(Beginning of Extracted entries)
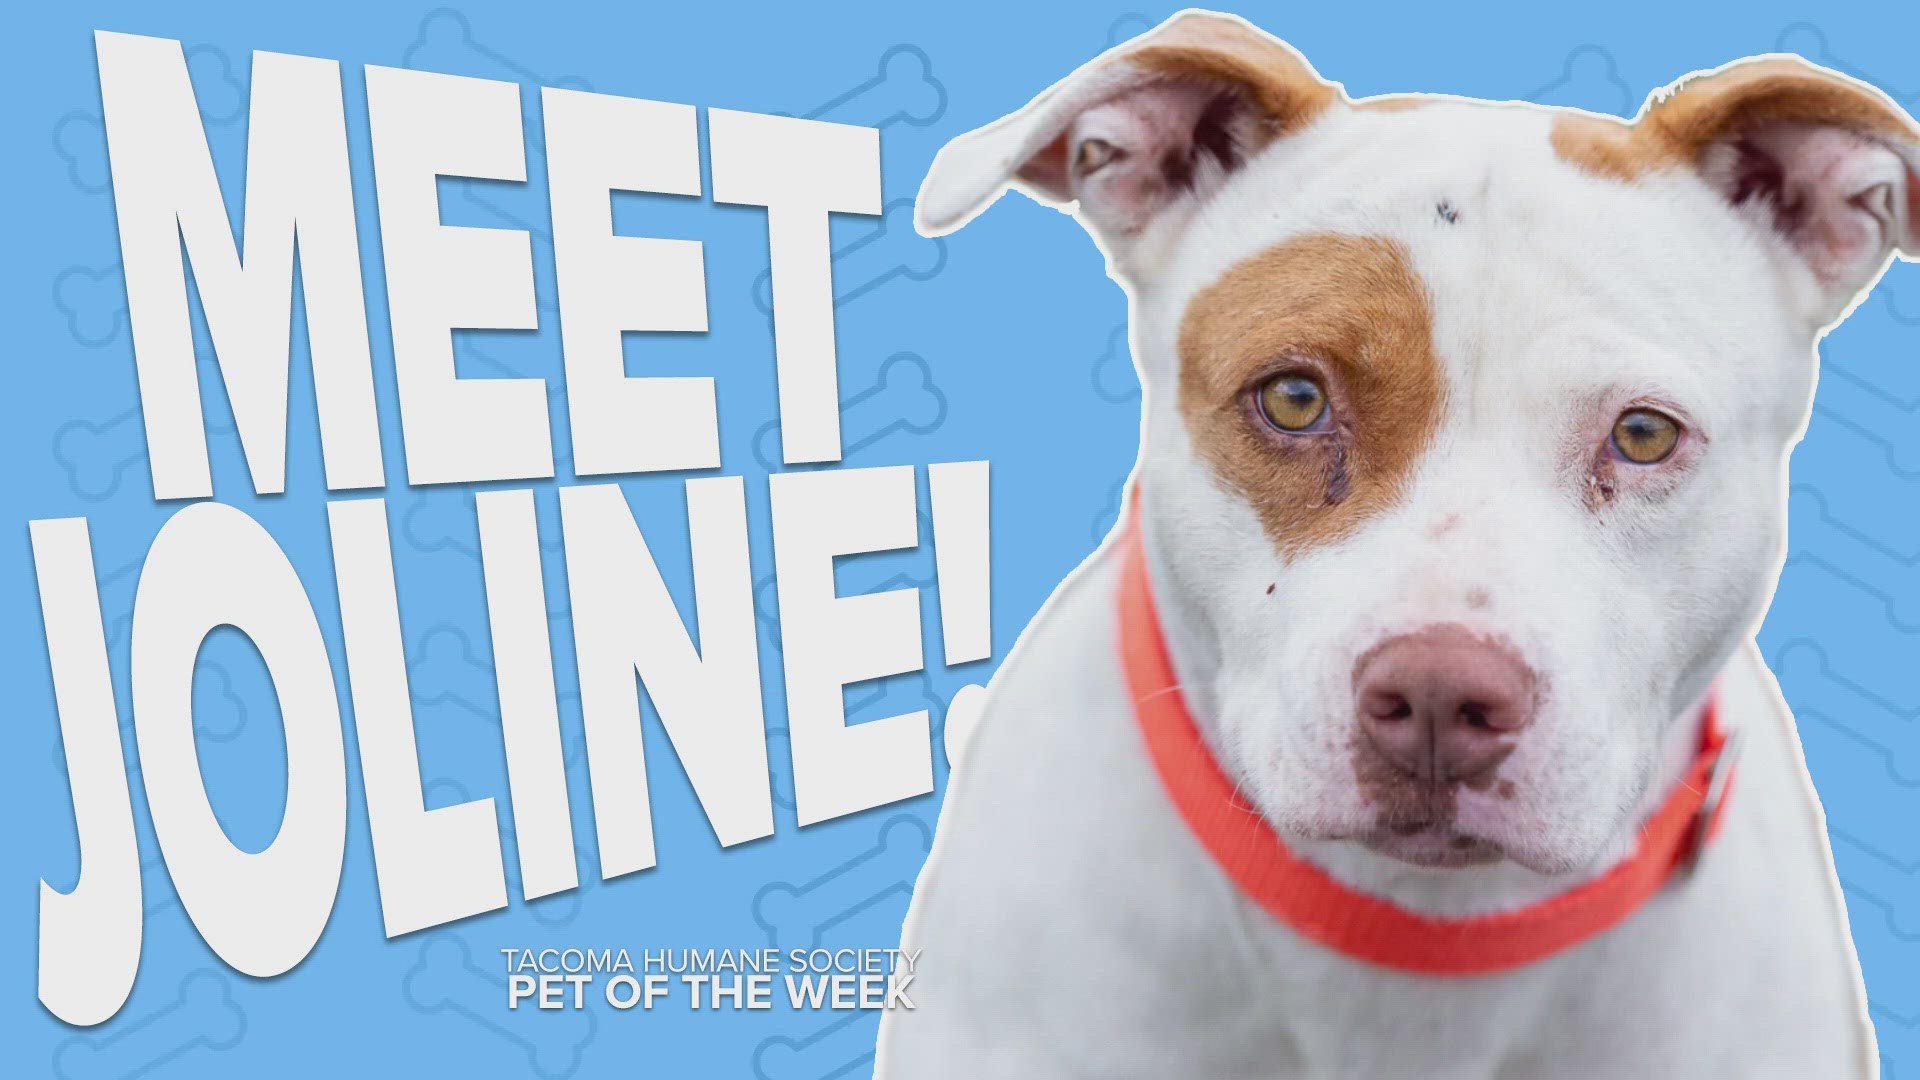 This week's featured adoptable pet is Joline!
(End of Extracted entries)
(Beginning of Extracted entries)
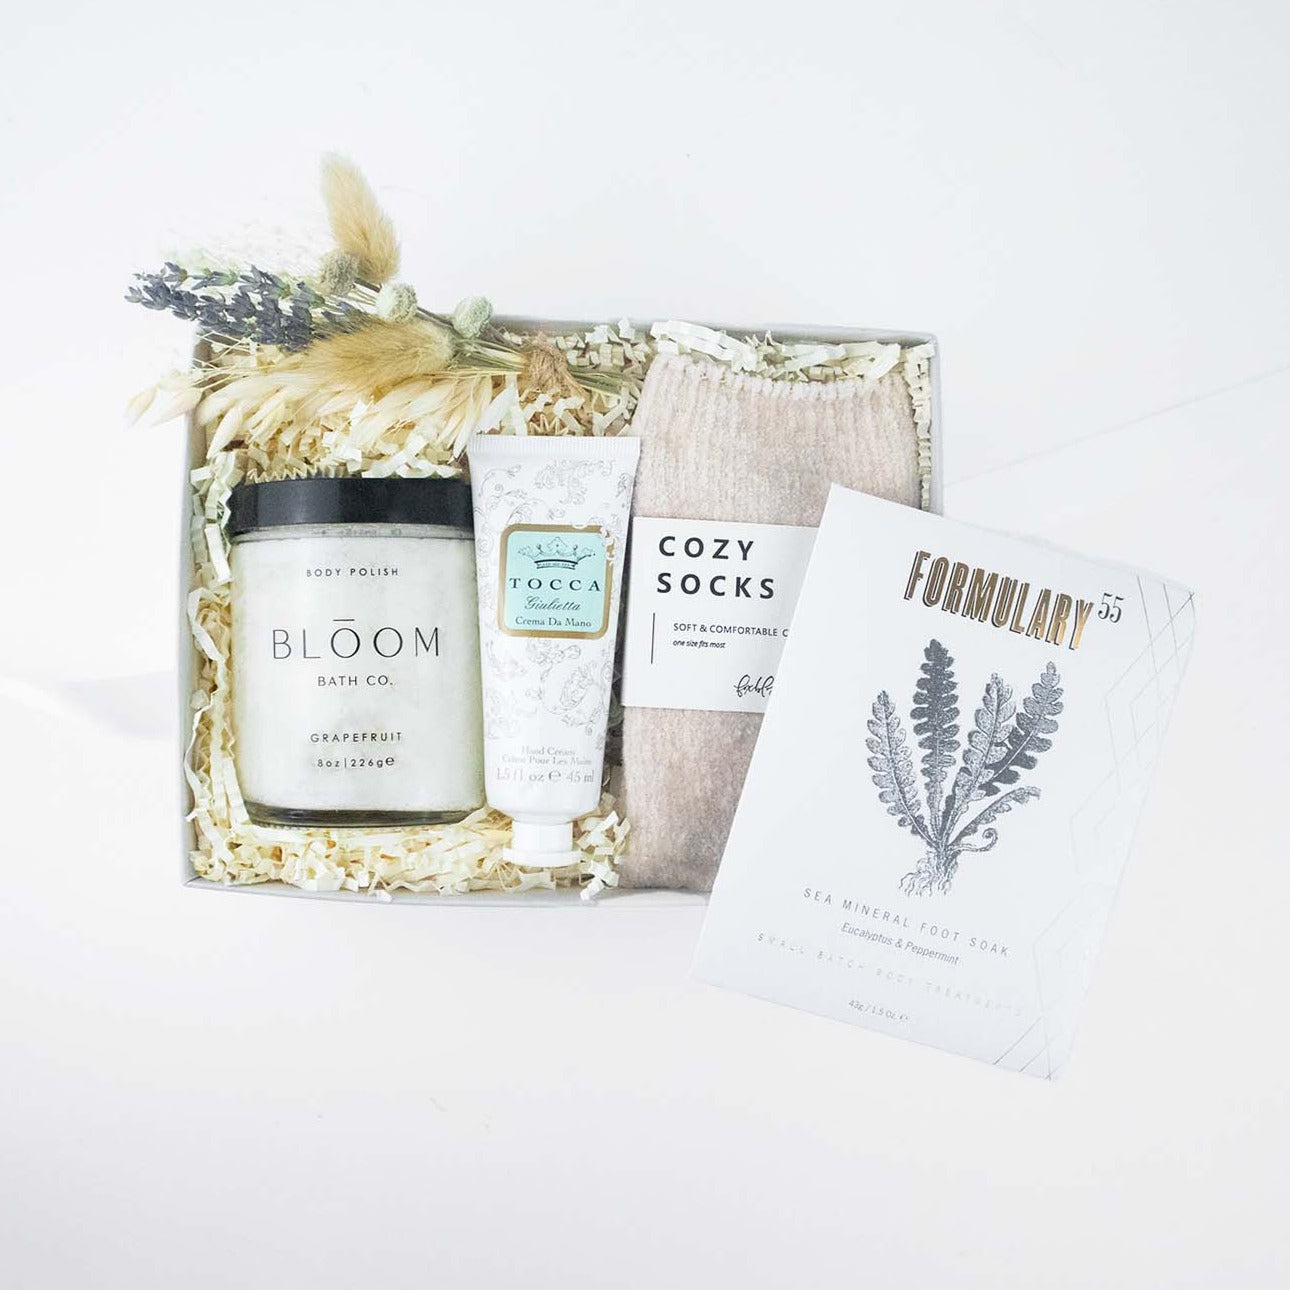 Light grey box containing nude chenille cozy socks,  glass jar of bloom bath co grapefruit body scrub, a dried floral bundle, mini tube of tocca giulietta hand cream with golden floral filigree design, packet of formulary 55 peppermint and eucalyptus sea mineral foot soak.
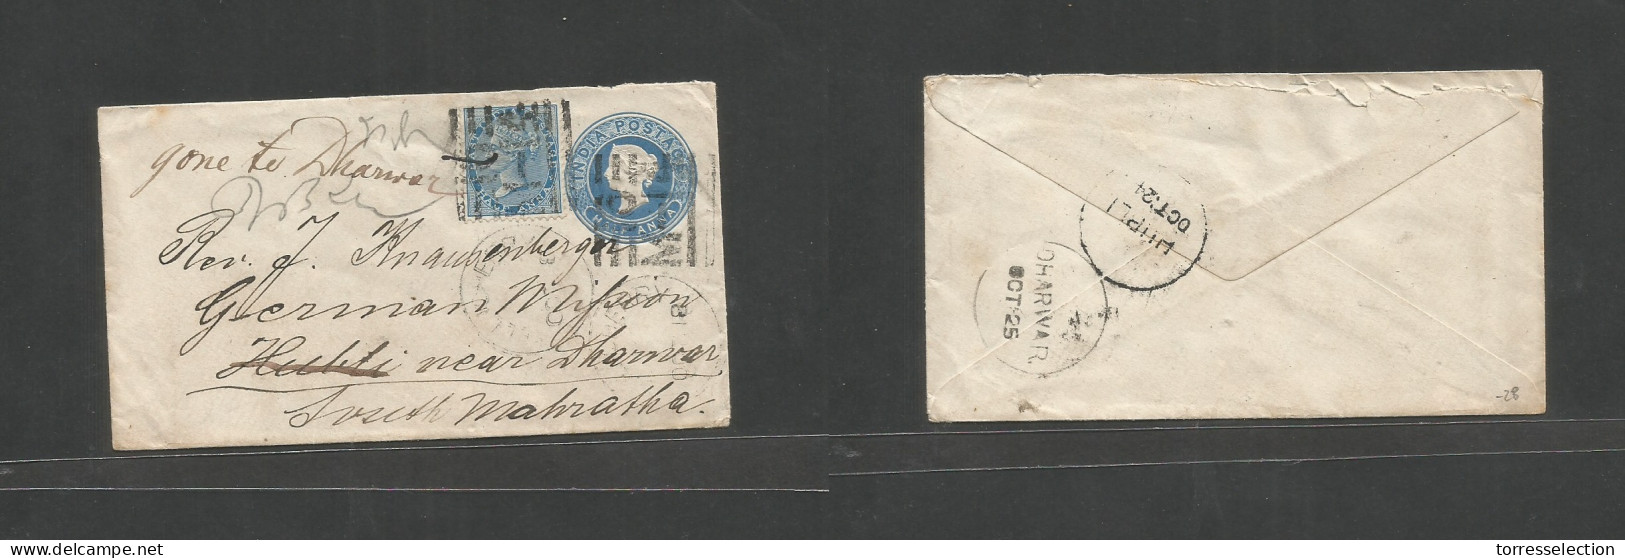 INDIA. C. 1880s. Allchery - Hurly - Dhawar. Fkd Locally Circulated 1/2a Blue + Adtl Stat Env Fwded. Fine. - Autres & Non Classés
(End of Extracted entries)
(Beginning of Extracted entries)
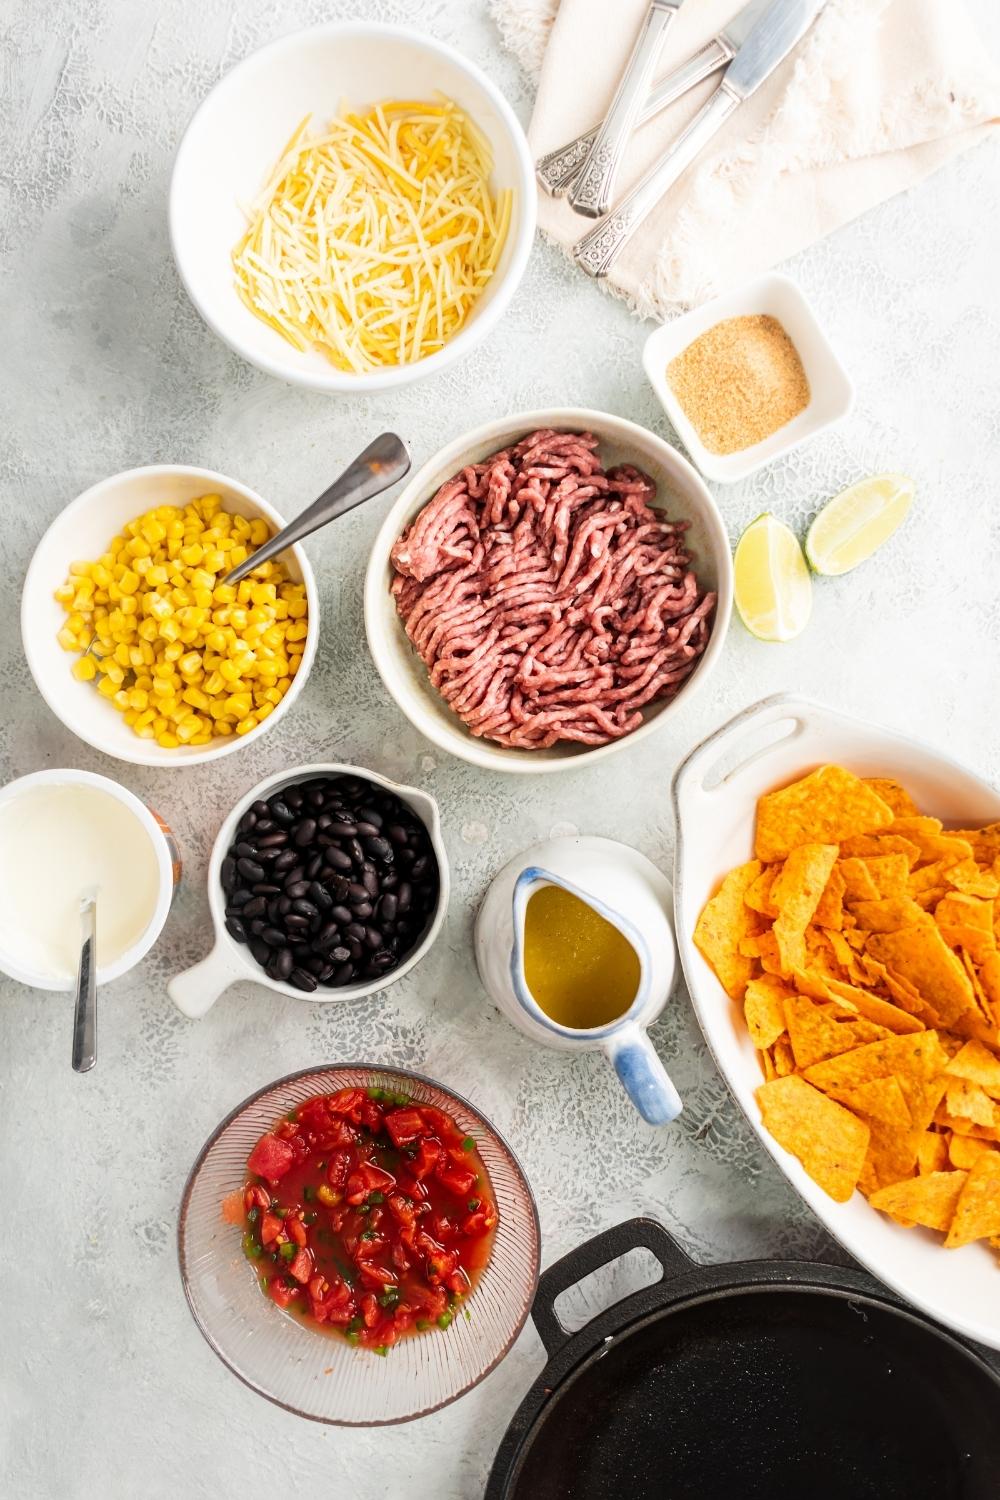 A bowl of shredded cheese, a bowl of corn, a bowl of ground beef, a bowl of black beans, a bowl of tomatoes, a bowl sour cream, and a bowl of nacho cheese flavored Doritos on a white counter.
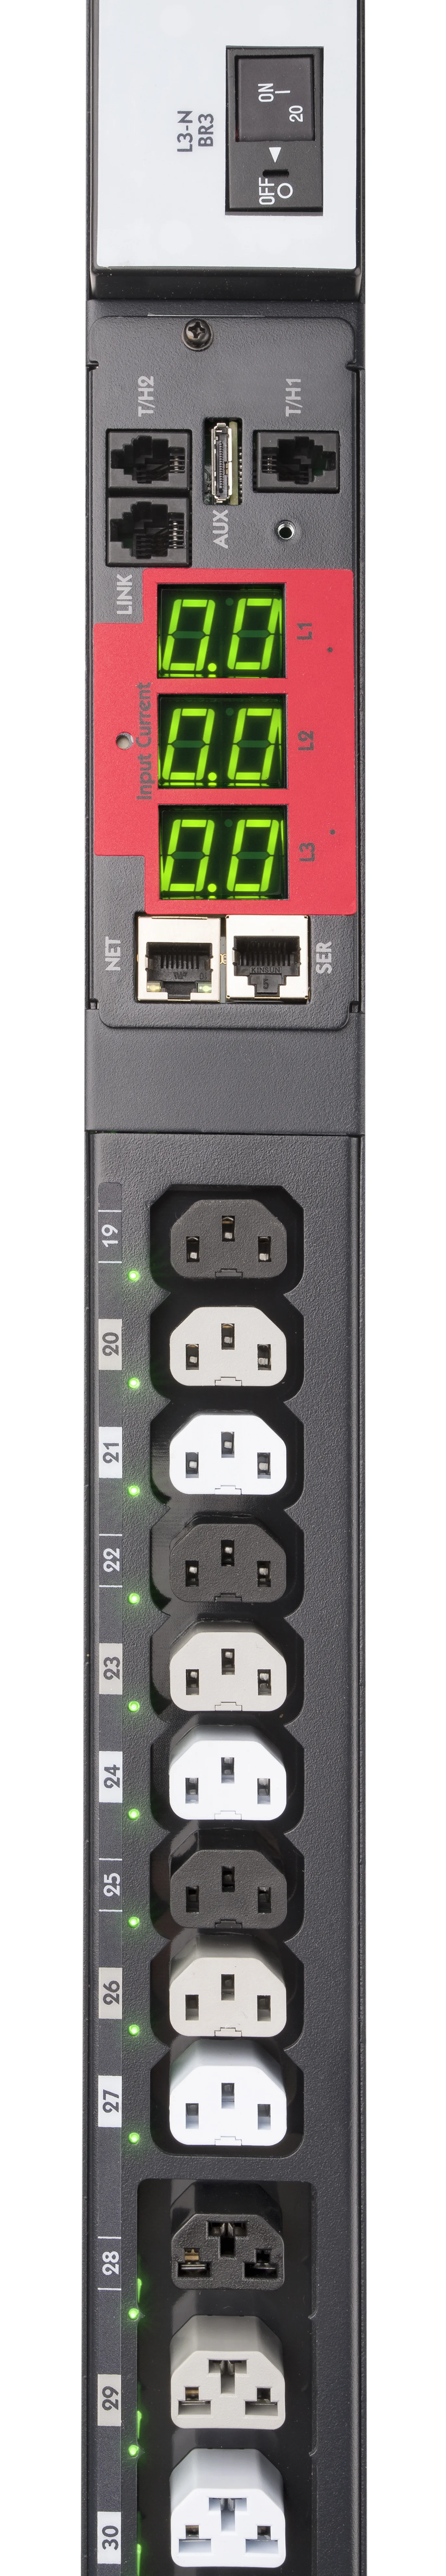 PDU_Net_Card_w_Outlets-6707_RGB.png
(End of Extracted entries)
## What is expected
From the records above, transcribe exactly the lines starting at the one containing "A bowl of shredded" and ending at the one containing "PDU_Net_Card_w_Outlets-6707_RGB.png". Skip the pictures.

## Output
 A bowl of shredded cheese, a bowl of corn, a bowl of ground beef, a bowl of black beans, a bowl of tomatoes, a bowl sour cream, and a bowl of nacho cheese flavored Doritos on a white counter.
 PDU_Net_Card_w_Outlets-6707_RGB.png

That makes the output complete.